Do you have a creative dream such as writing a book, learning how to draw, or performing in a play? Maybe you’re thinking of trying to learn a craft that you could eventually turn into a business. But sometimes, unfortunately, the best intentions to do so can turn to mush after a grueling day at the office. So how do you get yourself to do your art after a long day?
It’s all too easy to put aside your creative goals and head for the couch, but with some simple strategies you can be working on your favorite projects, even while you’re holding down a job. Read on to find out how to best use your limited spare time, a few easy ways to transition from job into creative mode and plenty of tips for staying motivated to make your creative dreams come true.
Passion for your project will give you energy you didn’t think you had. Pick a project you will look forward to, rather than dread after a long day, and it makes all the difference. Ask yourself what kind of writing, art or craft pulls you like a magnet. What would challenge you, but feel like fun too? If you find something about which to be enthusiastic about, time and energy will seem to come out of nowhere.
Make It a Habit
Resolve to work on your project every day, even for 10 or 15 minutes. If it’s too much to make a daily commitment, then pick two nights that you will devote to your creative endeavor. “It’s the hurdle of actually making time and getting started that might keep you from writing, and that’s why making it a habit is so important,” said Jeffrey Yamaguchi, author of “Working for the Man: Inspiring and Subversive Projects for Residents of Cubicle Land.”
“It becomes not a question of ‘if’ you are going to get some writing done, but ‘when’ you are going to get your writing done.”
Use Day Breaks
Even with a busy job, there is usually something you can do during the day that will help your project along. For example, you can write down or tape record ideas on your commute to work, or you can go to work early once a week to grab some quiet project time. During the day, you can take 15-minute breaks to brainstorm, practice, make lists, or journal — all things that can get your project going.

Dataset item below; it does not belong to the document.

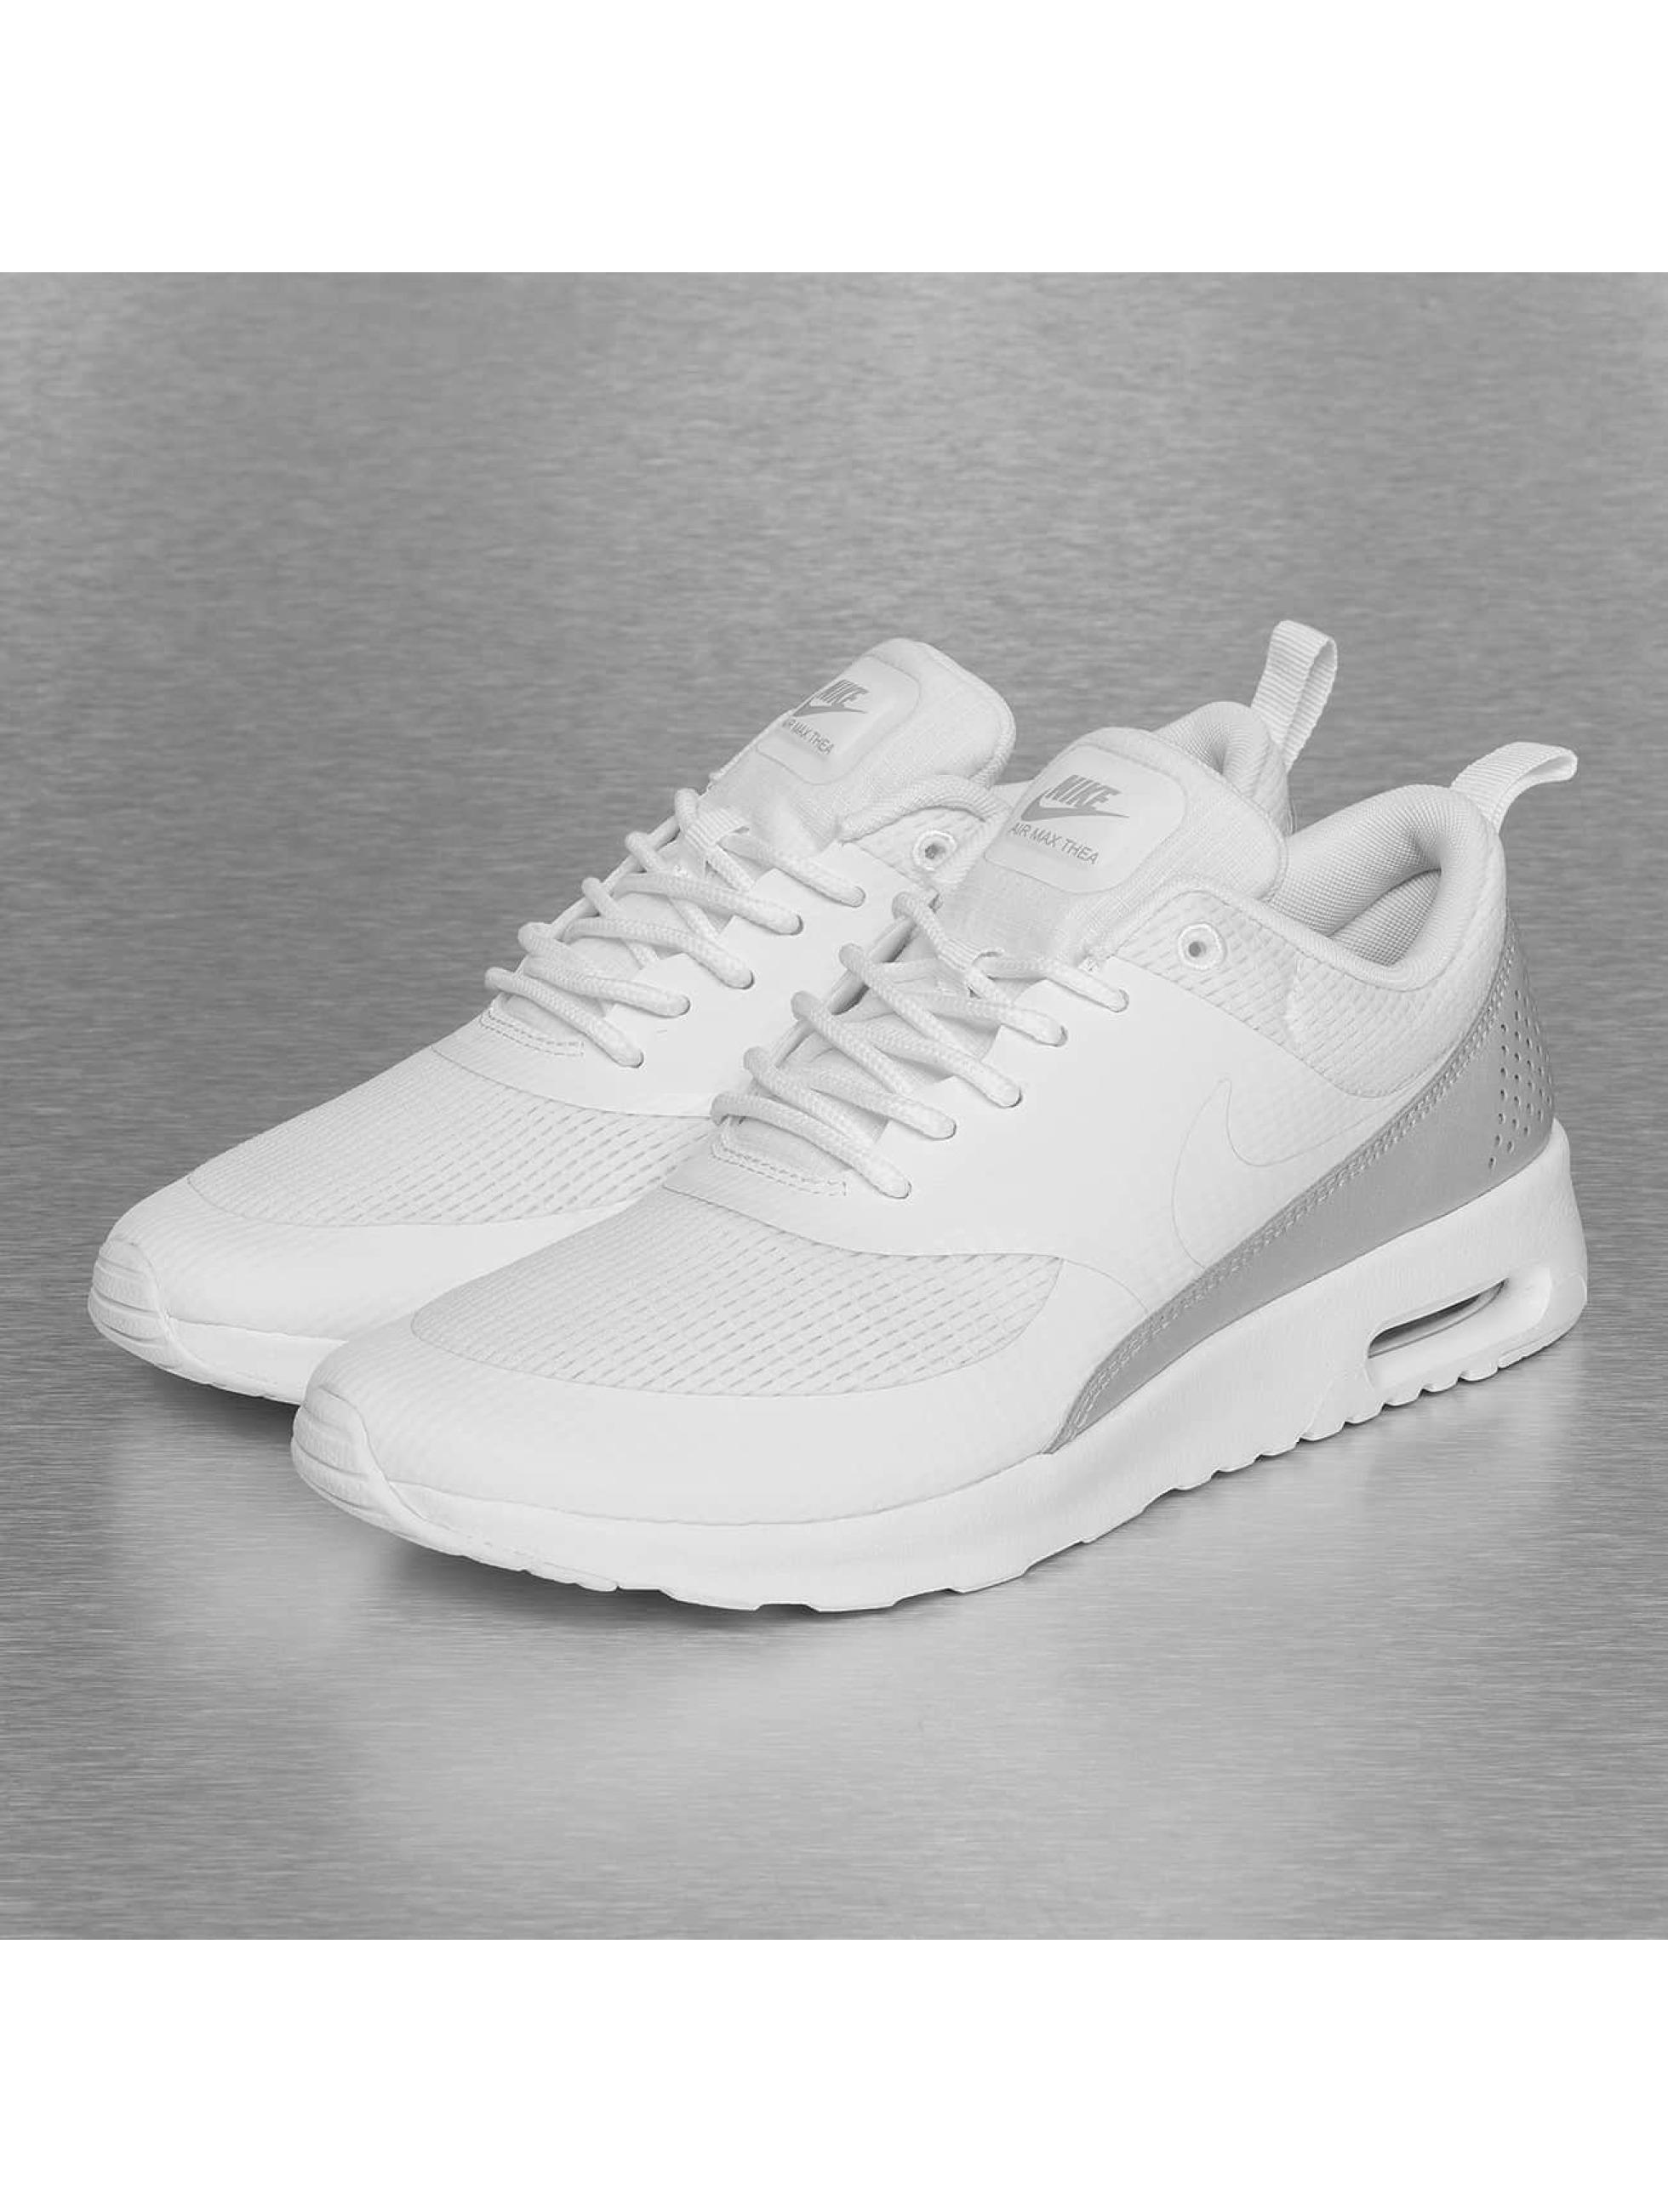 dames nike air max thea sneakers zwart/wit

Suzanne Falter-Barns, author of “How Much Joy Can You Stand and Living Your Joy,” suggests taking advantage of your lunch hour. “It’s a simple solution, and remarkably effective. The simple act of bringing a sandwich to work, pulling it out, closing the door, and doing a little work on your dream mid-day can deeply increase your commitment to your dream. And this, in turn, can really fuel your dream, so making time for it becomes easier, not harder.”
Give It Up
Kate White, New York Times best-selling author and editor-in-chief of Cosmopolitan magazine, had to unload things from her life in order to leave more time for her writing. “There are some things I absolutely can’t do because I’ve chosen to have a full time job and write books, too,” she said. “I don’t do any crafts. I practically never shop.”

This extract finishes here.